Tushar Imran

Personal information
- Full name: Sheikh Tushar Imran
- Born: 10 December 1983 (age 42) Kharki, Jessore, Khulna, Bangladesh
- Batting: Right-handed
- Bowling: Right-arm medium pace
- Role: Batsman

International information
- National side: Bangladesh (2001–2007);
- Test debut (cap 28): 28 July 2002 v Sri Lanka
- Last Test: 11 July 2007 v Sri Lanka
- ODI debut (cap 55): 23 November 2001 v Zimbabwe
- Last ODI: 31 December 2007 v New Zealand
- ODI shirt no.: 55 (previously 5)

Domestic team information
- 2001–2021: Khulna Division

Career statistics
| Competition | Test | ODI | FC | LA |
| Matches | 5 | 41 | 182 | 173 |
| Runs scored | 89 | 574 | 11,972 | 4,439 |
| Batting average | 8.90 | 14.35 | 42.75 | 27.91 |
| 100s/50s | 0/0 | 0/2 | 32/63 | 1/30 |
| Top score | 28 | 65 | 220 | 106* |
| Balls bowled | 60 | 126 | 2,853 | 1,436 |
| Wickets | 0 | 1 | 30 | 27 |
| Bowling average | – | 103.00 | 50.83 | 39.26 |
| 5 wickets in innings | – | 0 | 0 | 0 |
| 10 wickets in match | – | 0 | 0 | 0 |
| Best bowling | – | 1/24 | 3/22 | 4/26 |
| Catches/stumpings | 1/– | 6/– | 83/– | 49/– |
- Source: Cricinfo, 25 December 2025

= Tushar Imran =

Bangladeshi cricketer (born 1983)

Sheikh Tushar Imran (born 10 December 1983) is a Bangladeshi cricket coach and former right-handed batter who played 5 Tests and 41 One Day Internationals (ODIs) for Bangladesh from 2001 to 2007. Playing also for Khulna Division from 2001 to 2021, he became the first player from his country to score 10,000 runs in first-class cricket. Imran worked as a coach for Sylhet Strikers in the 2023 and 2025 Bangladesh Premier League (BPL) seasons, and Chattogram Challengers in the 2024 season.

==Career==
Imran first hit the headlines aged just 17 when he made 131 from 106 balls in a domestic match for his side Khulna Division in 2000–01.
This was the same season in which Bangladesh were granted Test status and although he had to wait a while to join the Test team he made
his ODI debut in 2001.

His Test debut came against Sri Lanka at Colombo on July 28, 2002. He made 8 and 28 as Bangladesh were defeated by 288 runs.
In order to play the game he had edged out three former Bangladeshi captains in Naimur Rahman, Akram Khan and Aminul Islam which showed that the selectors were willing to invest in him.

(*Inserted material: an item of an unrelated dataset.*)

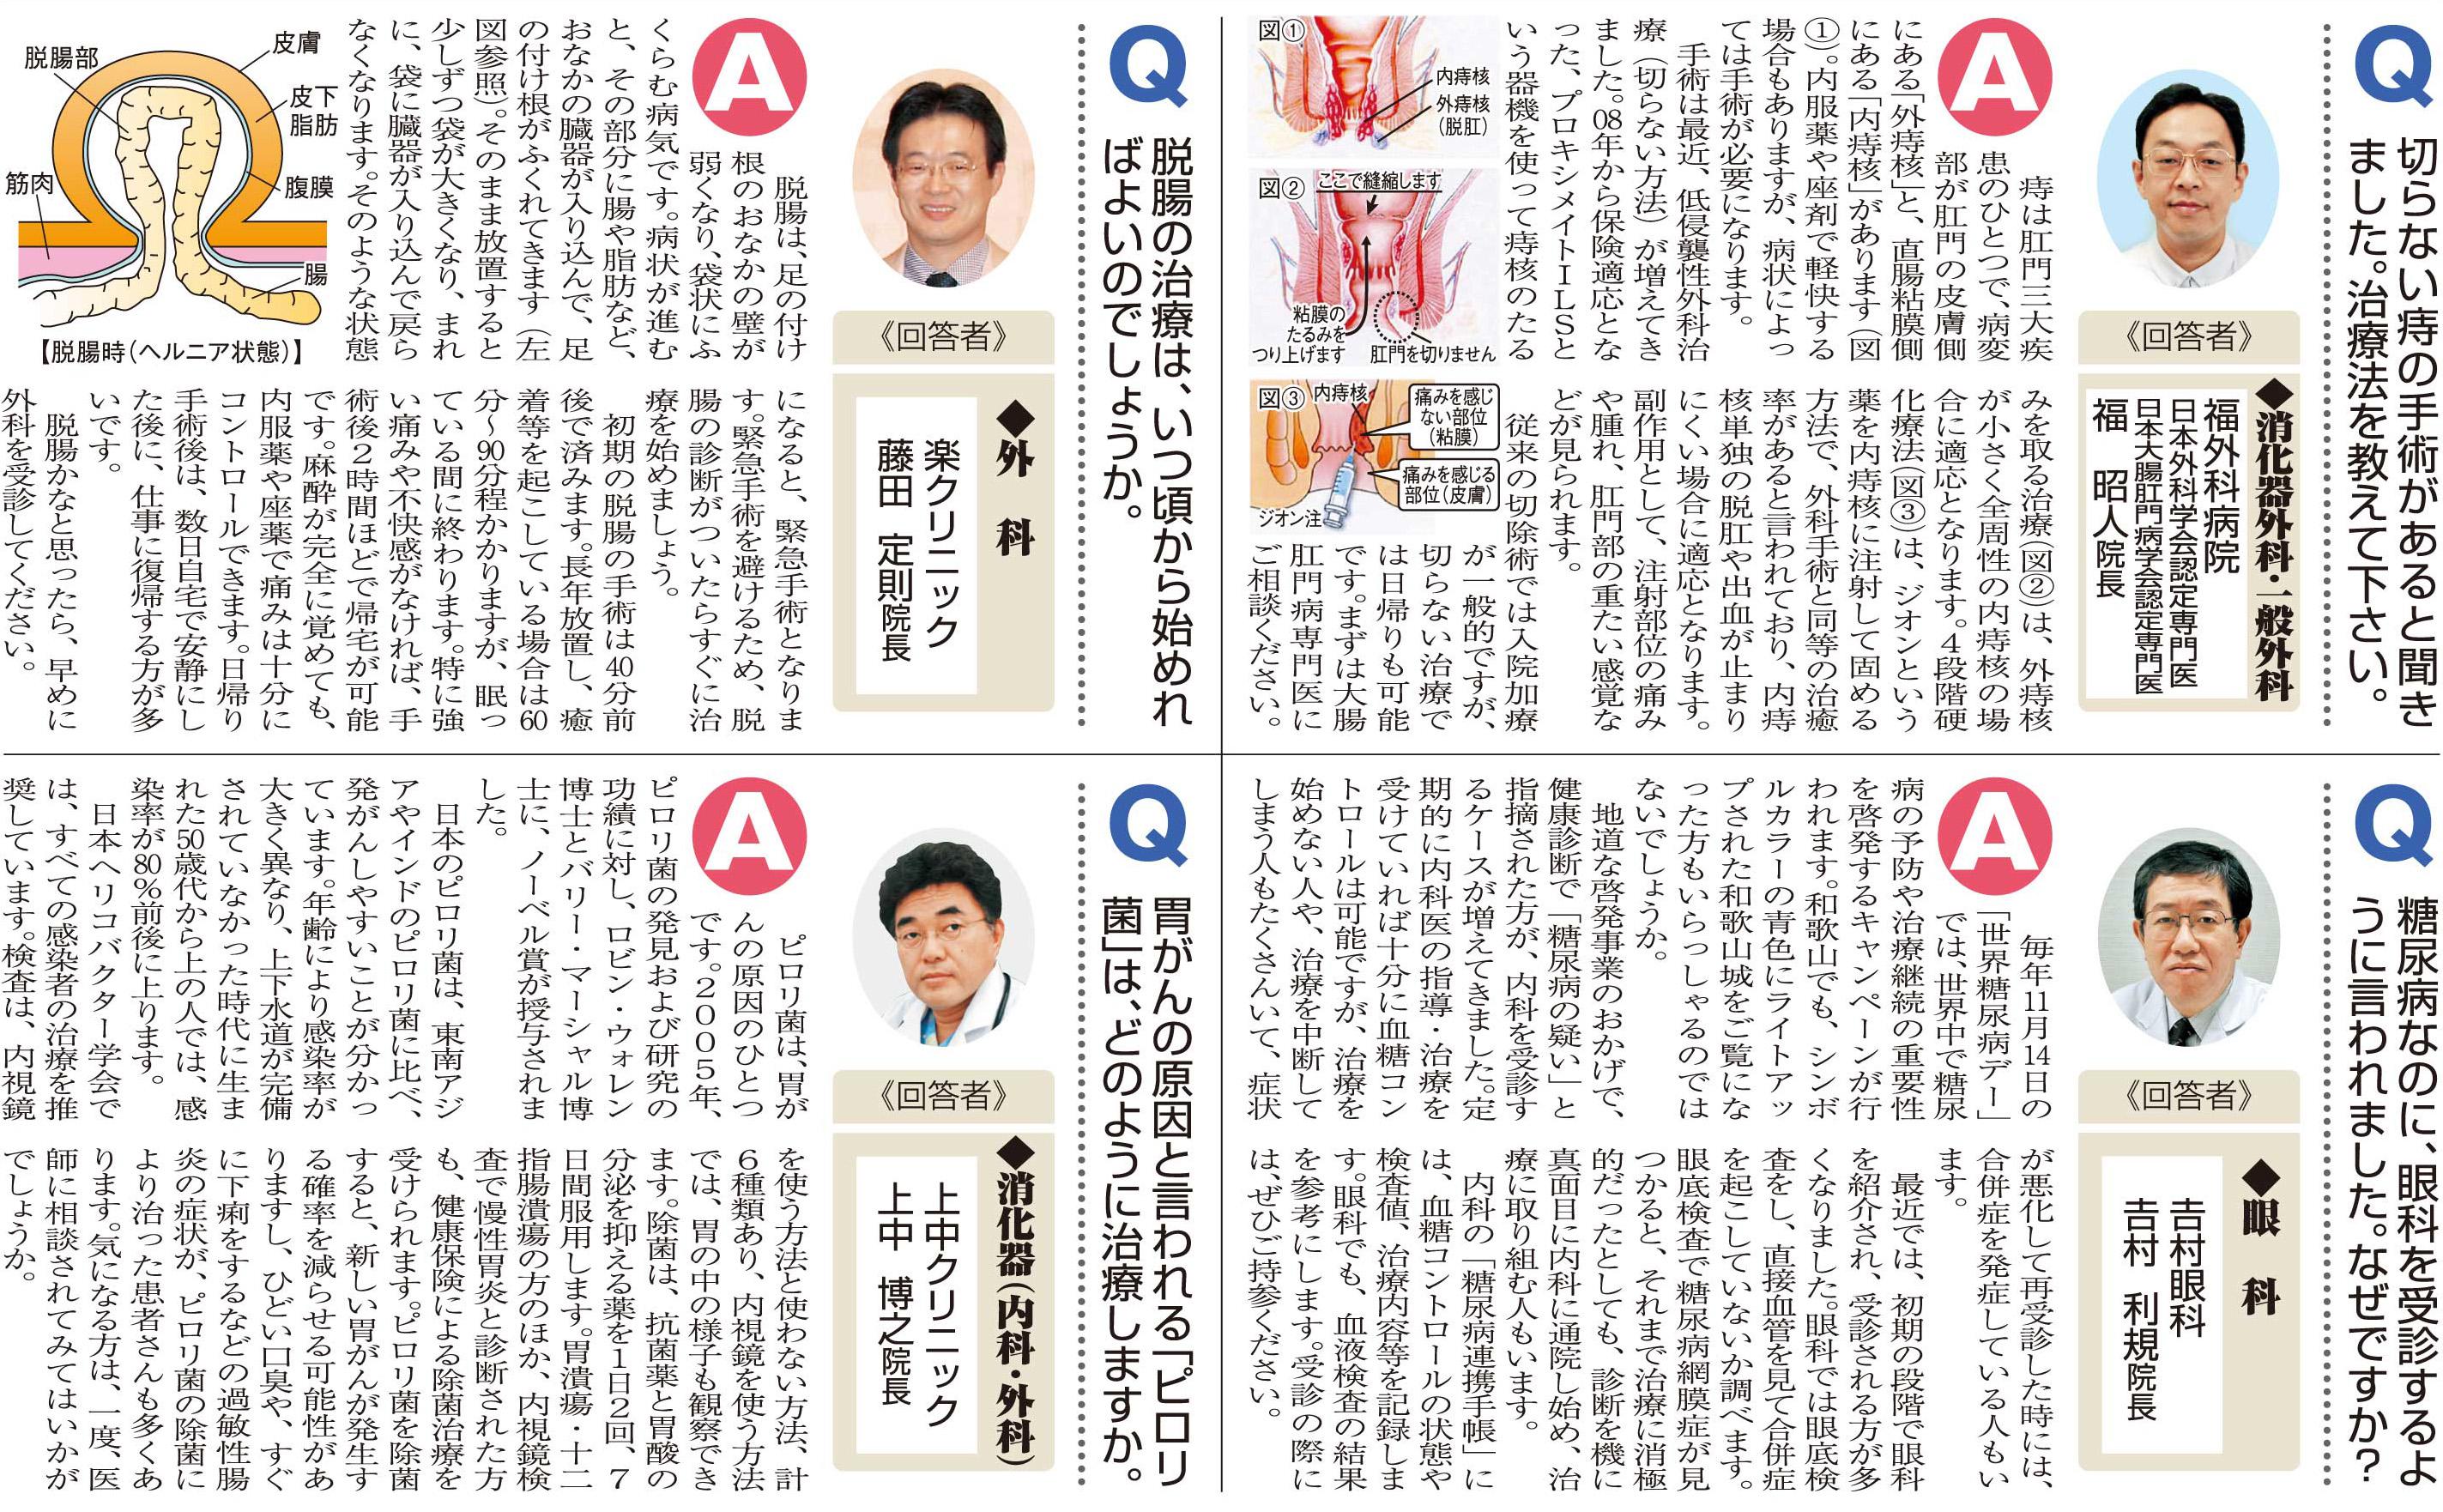 おしえて!マイドクター「痔」「糖尿病」「脱腸」「ピロリ菌」(2016.12.24)

He has so far struggled in the international stage but is a regular for Bangladesh A who he captains. He was first part of a Bangladesh A tour when they went England in the summer of 2005. Imran impressed with a run-a-ball 70 against Surrey.

In December 2016, during the 2016–17 National Cricket League, he scored his 19th century, the most first-class hundreds by a Bangladeshi. He was the top run-scorer in the 2016–17 Bangladesh Cricket League, with a total of 731 runs.

In January 2018, during the 2017–18 Bangladesh Cricket League, he scored his 10,000th run in first-class cricket. He became the first Bangladesh player to reach this landmark. He was the leading run-scorer for Central Zone in the 2017–18 Bangladesh Cricket League, with 725 runs in six matches.

In October 2018, during the 2018–19 National Cricket League, he became the first batsman to score seven centuries in the same year in domestic cricket in Bangladesh. He finished the tournament as the leading run-scorer for Khulna Division in the tournament, with 518 runs in five matches.

In November 2021, he announced his retirement from first-class and international cricket.

== Coaching career ==
After his retirement, he started coaching various clubs and franchise in Bangladeshi Domestic Circuit. He was the head coach of Sheikh Jamal Dhanmondi Club from 2022 to 2024.

He became the batting coach of Sylhet Strikers for BPL 2023. In 2024, he became the Head Coach of Chattogram Challengers in BPL 2024. He was praised both by fans and the management when he was in Chattogram.

In 2024, he came back to Sylhet Strikers and became their batting coach for BPL 2025.

Tushar Imran also coached the Bangladesh Under 17 team and Bangladesh HP team in 2024.

He was also rejected as batting coach of Bangladesh Cricket Team, as he submitted his application late.